The Minnesota Limited Liability Company Act, Chapter 322B of the Minnesota Statutes governs the formation, operation and dissolution of LLCs in Minnesota.

Combining certain characteristics of both partnerships and corporations, LLCs  are privately owned legal entities that can be formed for the purpose of earning profits, pursuing a social mission, or both, although some states require an LLC to be formed only for a “business purpose.” LLCs differ from for-profit corporations because they are formed and  owned by members rather than shareholders; however, like S corporations and partnerships, LLCs are eligible for pass-through income tax treatment.  This means that income and expenses are reported as though the members incurred them directly, and profits or losses are taxed at the ownership (member) level, rather than the entity (company) level.

Members of LLCs can be individual investors as well as for-profit  corporations and tax-exempt nonprofit corporations. For this reason and also because of pass-through taxation which eliminates “double taxation” (the effect of taxing income at the corporate level and again when it is included in the owner’s income),  LLCs are preferred over for-profit corporations as vehicles for social enterprise, especially for joint ventures between a tax-exempt nonprofit with a social change mission and a for-profit business.

LLCs are akin to partnerships because the members have broad discretion to allocate profit and loss and management powers among themselves. On the other hand, as with the shareholders of  corporations, the members of an LLC can be divided into classes, each with its own economic rights, and members have limited personal liability (discussed  below).

In Minnesota, LLCs have certain characteristics of corporations.  Minnesota LLCs are governed by a board of governors, which is analogous to a corporate board of directors.  An LLC's managers serve as the equivalent of officers in a corporation.

Assuming state laws permit formation of nonprofit LLCs, the IRS will recognize such an LLC as exempt under Section 501(c)(3) if it elects to be treated as a separate legal entity for tax purposes and its operating agreement includes the language mandated by the organizational test (purposes, distribution of assets upon dissolution, etc.) and it meets numerous requirements largely designed to guard against inurement and private benefit. These conditions will be discussed in the Nonprofit Taxation section.
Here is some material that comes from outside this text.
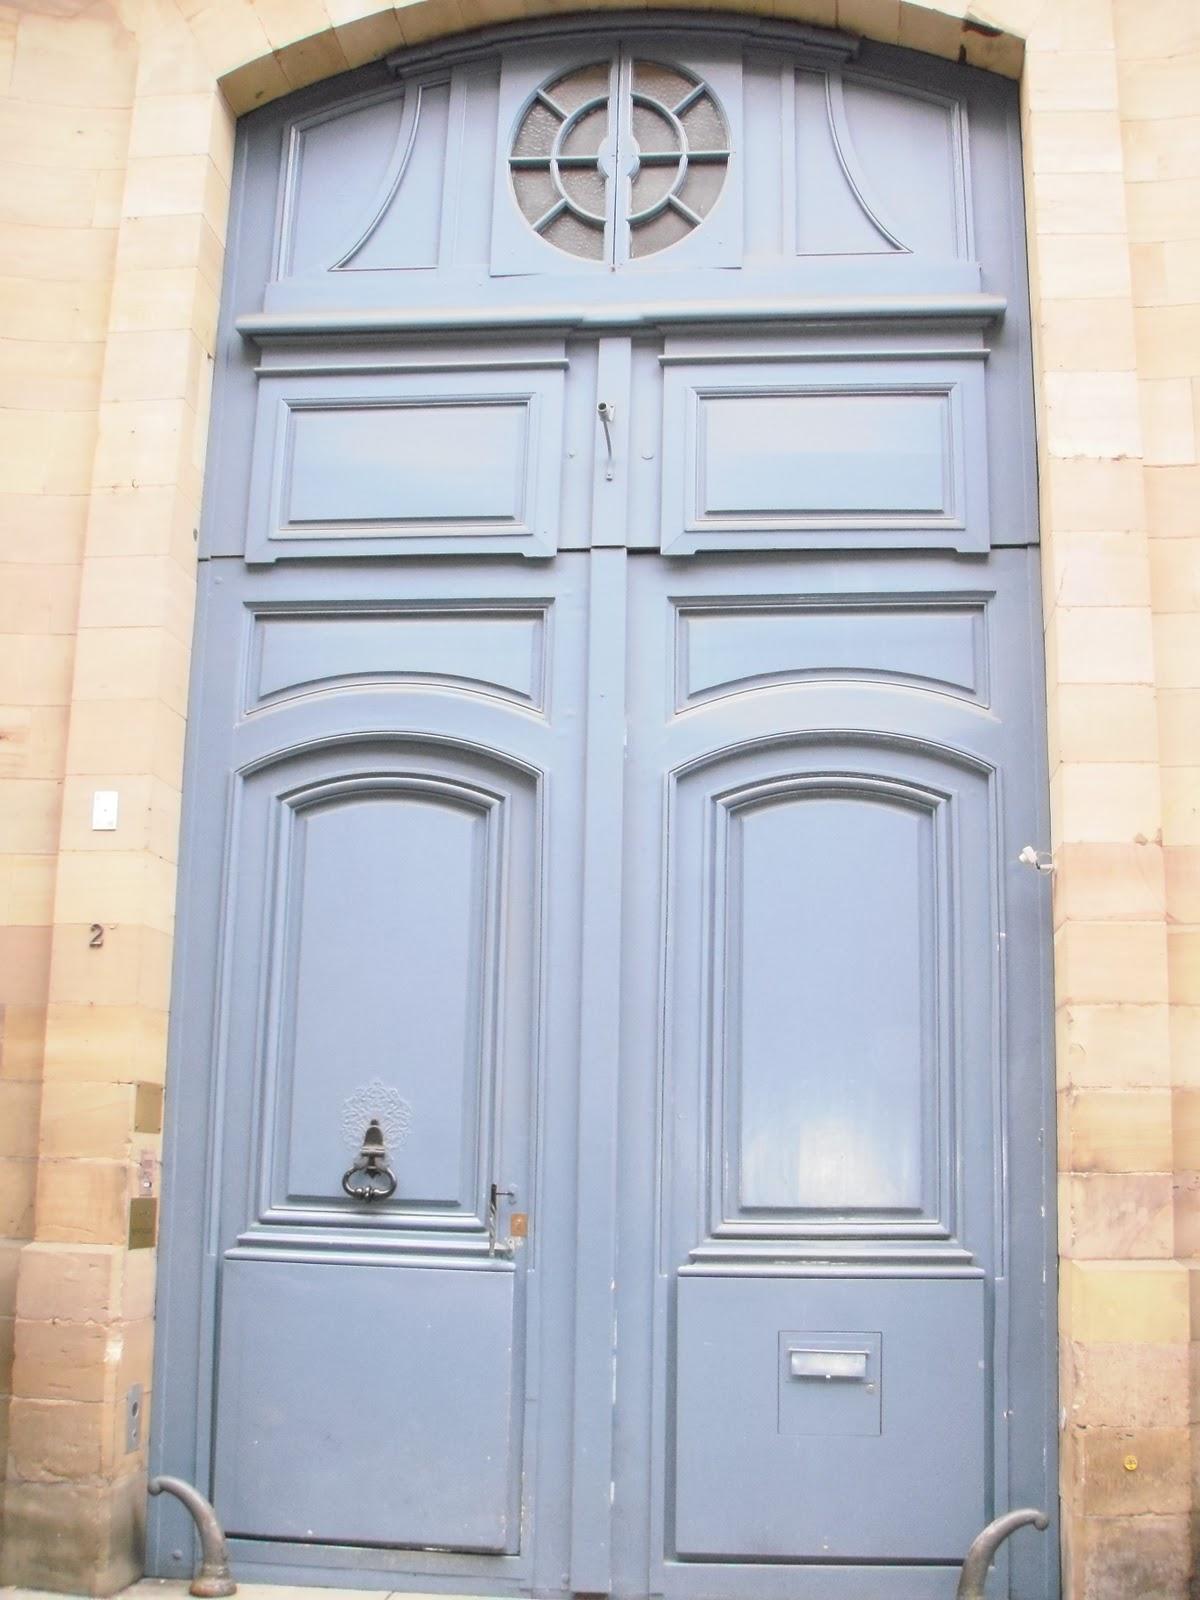 Séminaire Sainte Marie Majeure Dioc¨se de Strasbourg octobre 2010

In Minnesota, a LLC is formed by filing articles of organization with the Minnesota Secretary of State and paying the appropriate filing fee.  An LLC is required to have a registered office located in Minnesota.  The address of the registered office must be the address of a physical location; it cannot be a post office box.  The LLC is not required to name a registered agent in the articles of organization.  There must be at least one organizer, who must be a natural person at least 18 years of age.

The name of a LLC must be in English or any other language expressed in English characters and must contain the words “limited liability company” or the abbreviation “LLC.”  The LLC's name cannot contain the words “corporation” or “incorporated” or the abbreviations of either or both words.

Minnesota authorizes the formation of nonprofit LLCs.

Management and Control

An LLC's bylaws (the term “operating agreement” can also be used) governs the management of an LLC. The bylaws or operating agreement-which is like the bylaws of a corporation, may contain provisions requiring adherence to a social purpose and such purpose and the values it embodies may be interwoven throughout the operating agreement.  In LLCs with more than one member, the members can also enter into a member control agreement to agree upon the rights and restrictions governing their membership interests.

The Minnesota Limited Liability Company Act does not require the bylaws/operating agreement or member control agreement to have any specific provisions.  Certain statutory default provisions can be modified by the bylaws/operating agreement or member control agreement.  The bylaws/operating agreement will often address: the LLC's management structure and powers; number and qualifications of governors, appointment and expulsion provisions; members' rights and responsibilities; and rules for holding meetings and taking votes.  The member control agreement will often address: the member percentage interests in the LLC; member voting; tax matters and capital accounts; admission of new members; allocations and distributions of profits and losses; rules regarding transfer of membership interests through death or divorce; and valuation of membership interest upon a member's departure from the LLC.

Limited Liability of Governors, Managers, and Members

LLC members, governors, and managers, solely as a result of that role, have no liability for the LLC's debts or obligations.  The rules regarding corporate veil-piercing also apply to LLCs.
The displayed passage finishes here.